WITH VIDEO: Not uplifting, but story of Chinese mass exodus from the cities is an honest one
'Last Train Home'
Every spring in China, millions of migrant workers take part in a mass exodus from the cities, as they head to the country to spend New Year with their families.
Director Lixin Fan's film opens with a scene showing the huge strain this places on China's rail infrastructure as a heaving swell of exhausted travellers battle to get the last seats on the trains heading home.
It looks incredibly stressful but then these passengers are used to stress. Working in urban factories, they spend their lives doing harsh jobs, usually separated from their families by thousands of miles.
This documentary focuses on one couple caught up in the struggle Zhang Changhua and wife Chen Suqin. They left their infant son and daughter behind in Sichuan province to go to work in the city and have been making the annual trek home to see them for 17 years.
Though they moved to Guangzhou to better provide for their family, the separation has inevitably caused problems.
Their teenage daughter Zhang Qin is resentful that she only sees them once a year and the New Year's holiday is anything but restful as she rebels against her parents.
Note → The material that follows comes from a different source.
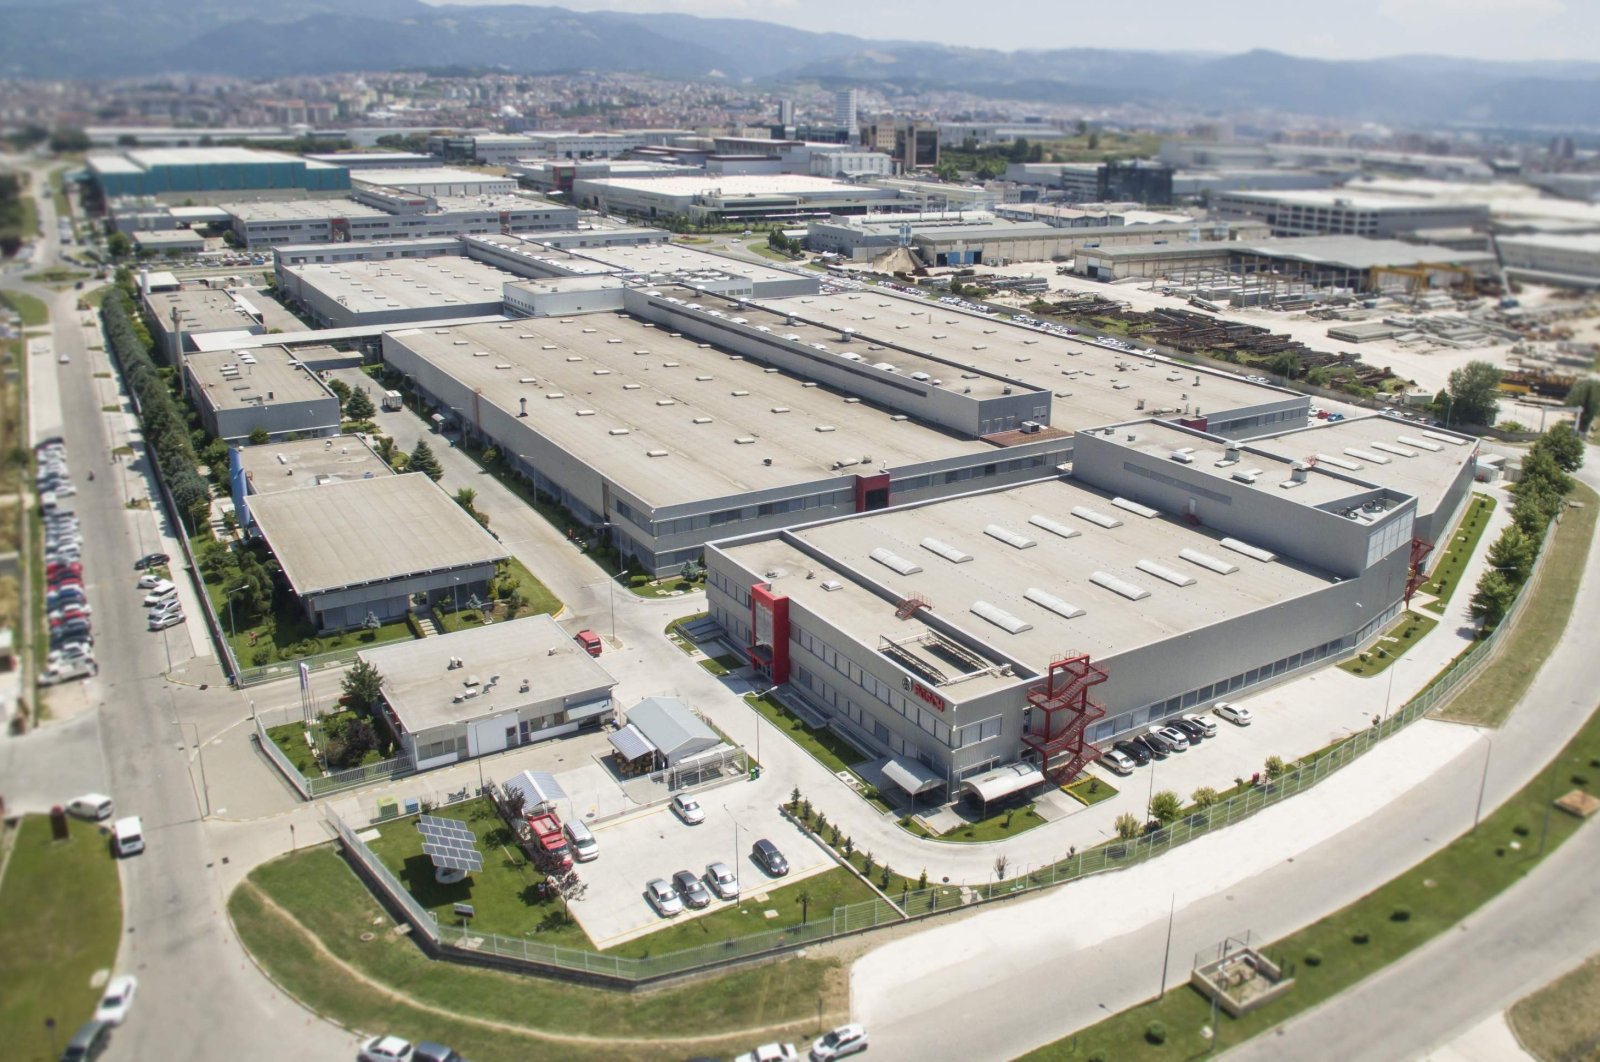 A view of Bosch's factory in Turkey's northwestern Bursa province, July 20, 2017. (İHA Photo)

What is great about Fan's film is the amount of access the family give him over a period of several years and the intimate footage this yields.
At times such as when Changhua and his daughter clash badly in front of other relatives it's almost easy to forget that this is real life and not some gritty, kitchen sink drama.
Certainly, it appears that the father has forgotten the cameras are rolling as he loses his temper and disciplines his daughter. It's an uncomfortable scene to watch and is made all the more depressing by the fact that we have seen how desperate the parents were to get home to their kids.
They have paid well over the odds for their train tickets and so want this to be a happy family reunion but, of course, it is not as simple as that.
The Zhangs' story, the film implies, is not atypical. The anxious migrant workers we see struggling on the railway platform are all dealing with the grim realities of modern-day China.
They can choose to stay in the country with their families and live hand-to-mouth on subsistence farming.
Or they can move to the city to accept low wages, poor living conditions and the "registration system" rules which prevent them from taking their children to live with them.
Qin, aged 17, has seen how her parents' choice has affected the family. But she opts to do the same thing, leaving school to work for a pittance and live in a shared dormitory in the city.
As her parents are shown soldiering on in the fabric factory where they work, the implication is clear – they are contributing to China's ever-growing economy but at what cost to themselves?
Fan's film offers no answers and is certainly not an uplifting documentary. But it is an honest one and essential viewing for anyone interested in seeing how a great many people in the world are forced to live.
'Last Train Home' screens tomorrow at 7 p.m. at the Bermuda Underwater Exploration Institute.